Linda was still locked in place, tracking the overwatch Sentinel. Tom and Lucy knelt on either side, missiles ready.

Kurt squinted along the angle of their aim. Hanging in the air, over two kilometers away, was a single dot, their target.

They had to get it or the Sentinel would report their position and send for reinforcements… which wouldn't fall for this trick again.

"Target off-center, starboard boom," Linda whispered to Lucy and Tom. "Forward point,"

They adjusted their aims. "Locked on target," Tom replied.

"Fire," Linda said softly.

Twin plumes of exhaust washed over them as the missiles screamed into the air.

The overwatch Sentinel turned toward the incoming projectiles and its energy shield shimmered golden.

Linda's rifle muzzle flashed. Without seeming to move a molecule she fired until the magazine was empty.

The missiles impacted—smoke and flames ballooned about the Sentinel.

A heartbeat later, the winds blew the discharge cloud aside… the Sentinel jerked, and plummeted.

Linda got to her feet.

The Sentinel scattered as it fell, center sphere and three booms spinning out of control until they impacted.

"Go," he told them. "Make sure it's dowm."

Kurt didn't waste another second on the Sentinel; he turned back to the ravine and ran— toward Kelly.

He scanned Kelly's bio signs: erratic heartbeat, falling blood pressure, low body temperature. She was in borderline shock.

Kurt skidded to a halt in the ravine as Ash and Holly propped her up.

"I'm sorry, sir," Ash said. "The Sentinels were three meters from the exit. If I had waited any longer it would have cleared the trap. It would have shot her. I couldn't take that chance."

Kelly shook her head—not to disagree, rather to clear her senses. Her bio signs perked.

"He's right," she whispered and coughed. "The kid did good." She gave Ash the thumbs-up signal.

Ash bowed his head.

Kurt breathed a sigh of relief that Kelly had survived. He'd risked her life to gain a slim advantage over the enemy—he now had to use it wisely.

"What's next?" Fred asked.

Kurt told them, "Now we have an opportunity. If that over-watch Sentinel didn't get a fix on our position we'll have some room to maneuver and take the initiative."

"Maneuver where?" Holly asked.

"Zone 67," Kurt said. "It's the center of everything. If there's any technology to be recovered other than broken Sentinel parts, it's going to be there."

"Patrols get denser the farther north we've gone, sir," Dante noted.

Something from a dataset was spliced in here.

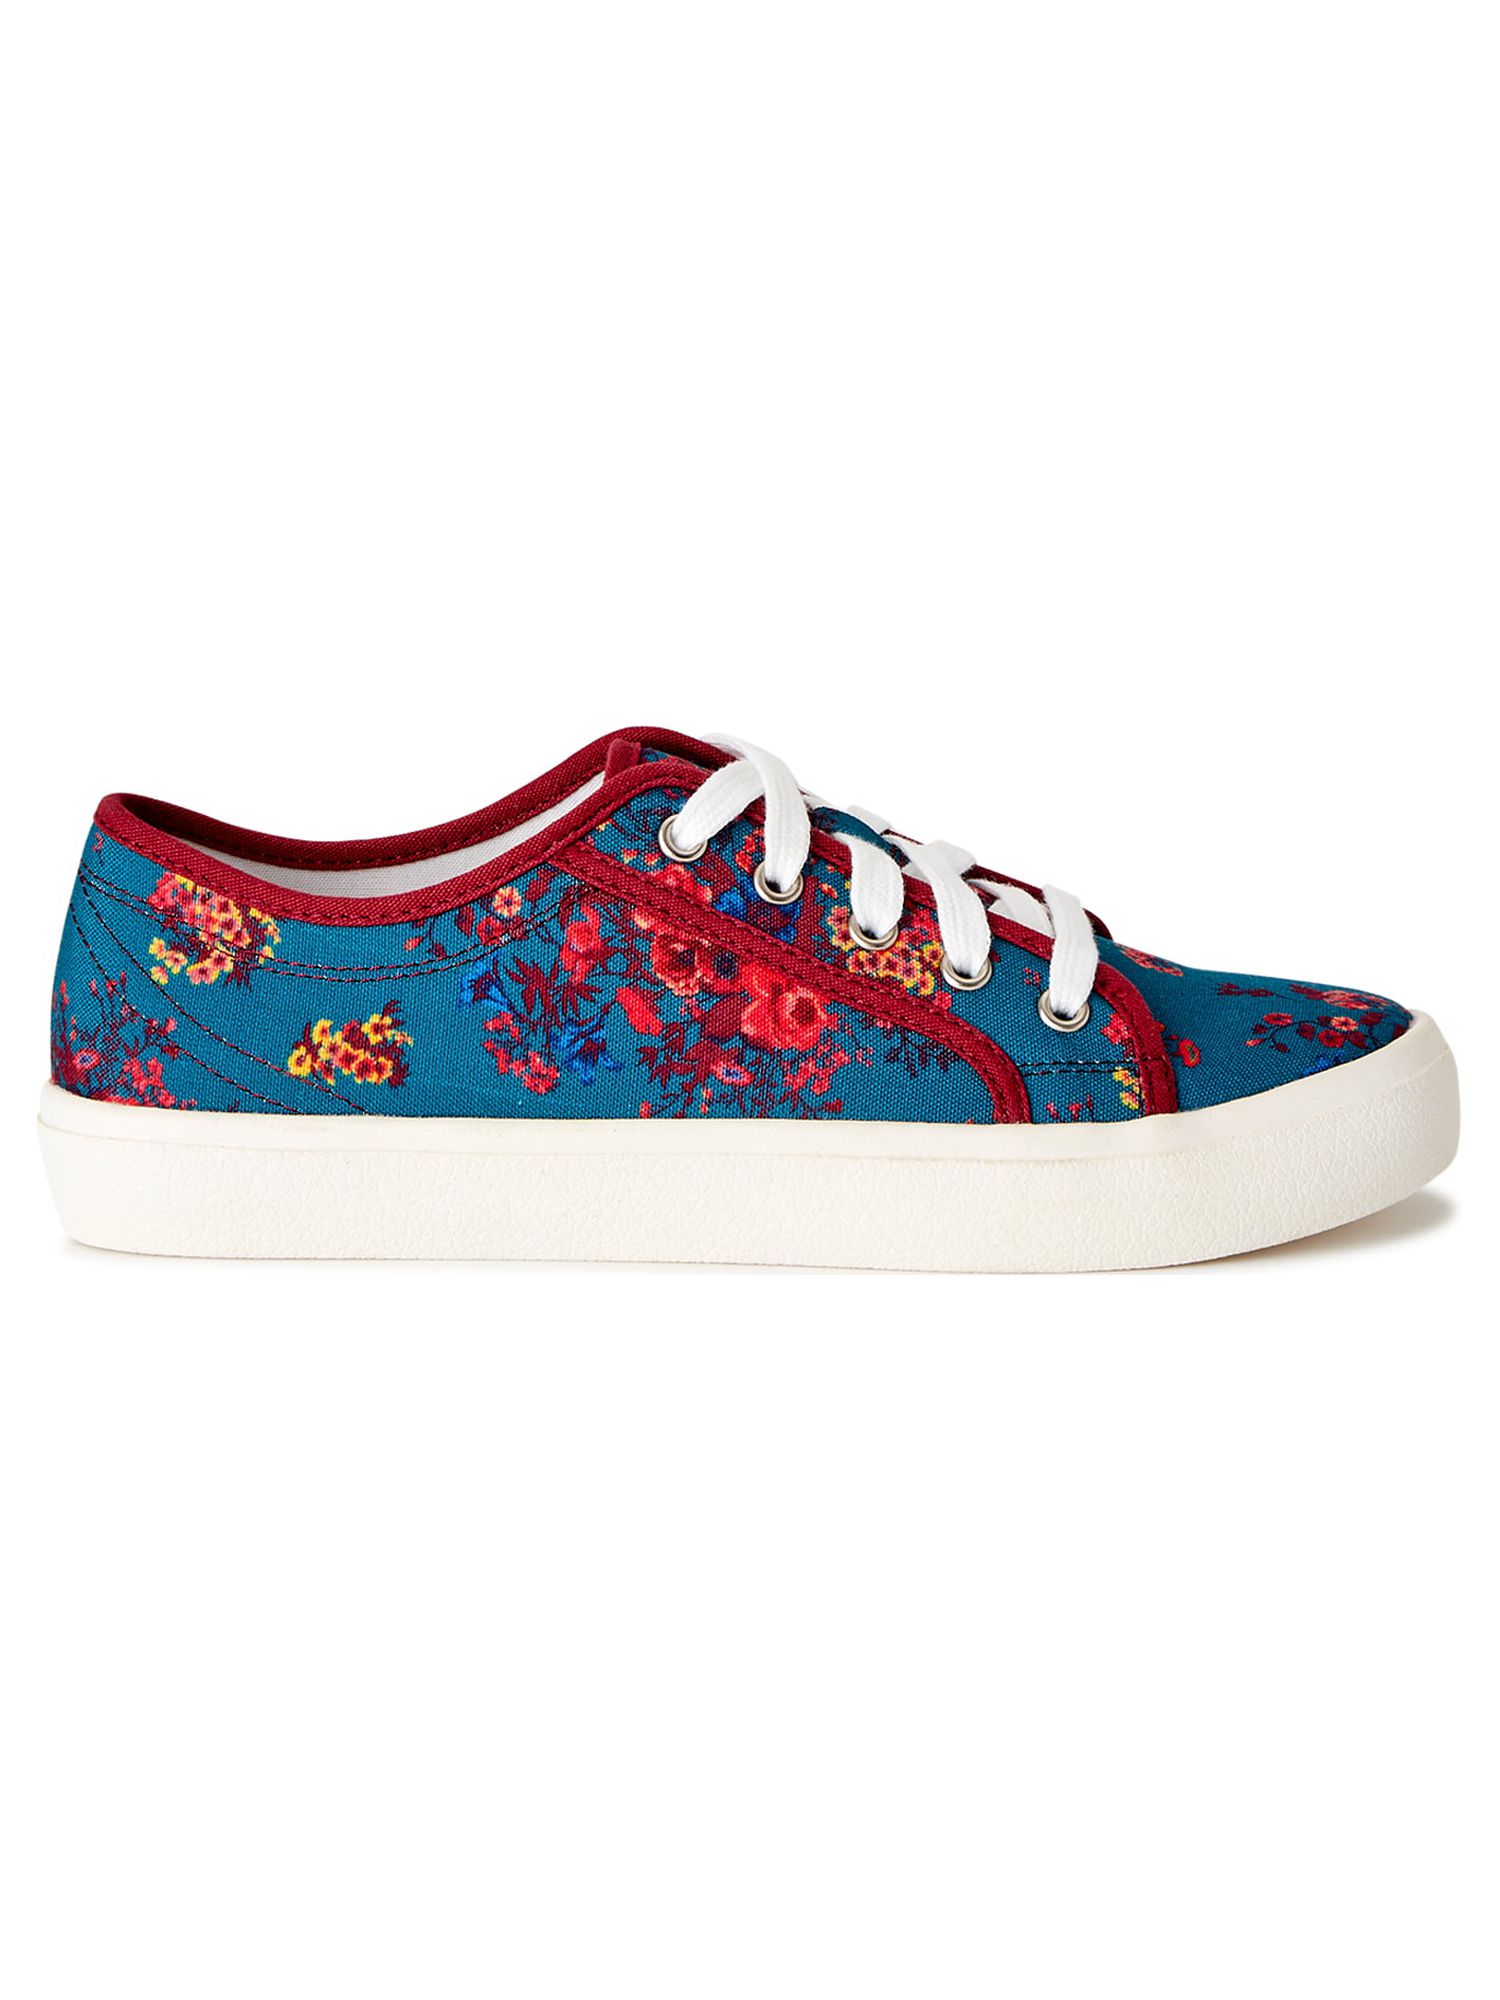 The Pioneer Woman Floral Sneakers, Women's - image 3 of 6

"It'll be dusk soon," Kurt said, "enough time to circle back to Blue Team's dropship. The sun will be setting and we'll fly it in low, get some camouflage from the long shadows. The rocks in these canyons have been baking all day and we'll have thermal cover, too."

Kurt surveyed his team. "Unless there's a better idea?"

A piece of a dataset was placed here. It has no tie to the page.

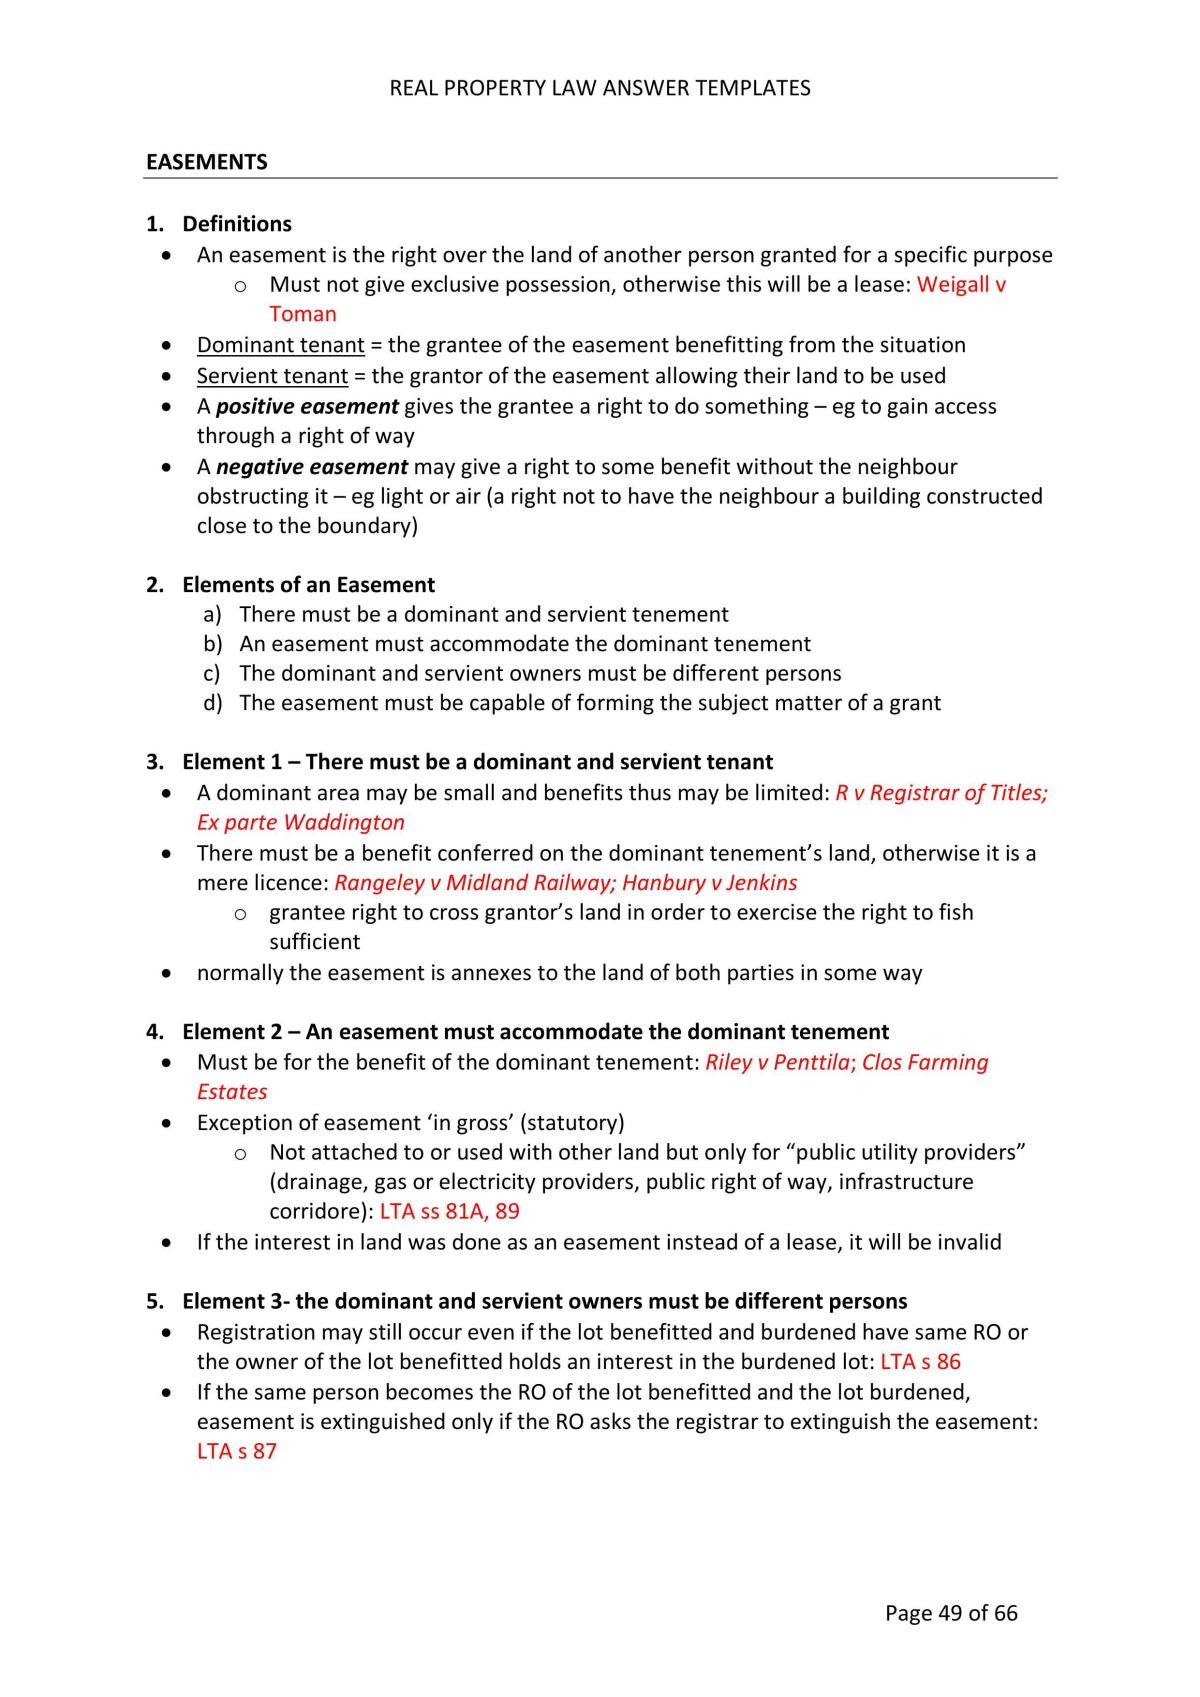 Real Property Law Notes - Page 49

His gaze fell on Dr. Halsey as she and Chief Mendez made their way down the valley slope. She stared at him as if she could see through his mirrored faceplate.

"Okay, stay sharp. Olivia, Will, Linda, scout ahead. No COM chatter. Let's get this done."

Dr. Halsey watched Kurt give detailed instructions to the Spartans.

She didn't care what his orders were so much as how he was saying it, and the effect it had on them. He spoke with confidence, but there was also warmth and pride in his voice.

She'd never heard any Spartan so demonstrative. Certainly Kelly would crack the rare joke, but that was just a layer of emotional armor.

Kurt was different.

The Spartans, young and old, responded to him. There was the usual Spartan stoicism and no questions asked, but there were also nods, slight tilts of their heads—the involuntary indication of rapt attention. Kurt was their leader now.

That fact might serve her well in the upcoming crisis.

Of course he was hiding something about his SPARTAN-IIIs. If the mute psychologically damaged Lucy was any indication of what this secret was, Dr. Halsey could only guess at its horrors.

But as the end neared, she would have no choice but to trust Kurt. She would have to trust them all to forgive the lies she had told about the treasure trove of Forerunner technologies.

CHAPTER THIRTY

1950 HOURS, NOVEMBER 3, 2552 (MILITARY CALENDAR) \ ZETA DORADUS SYSTEM, PLANET ONYX \ NEAR RESTRICTED REGION ZONE 67

Kurt stood behind Kelly and Will in the Covenant dropship's cockpit. Kelly sat in the pilot's seat while Will manned the gunner's station and watched the scanners. The other Spartans, Mendez, and Dr. Halsey were aft, readying equipment, waiting, and watching.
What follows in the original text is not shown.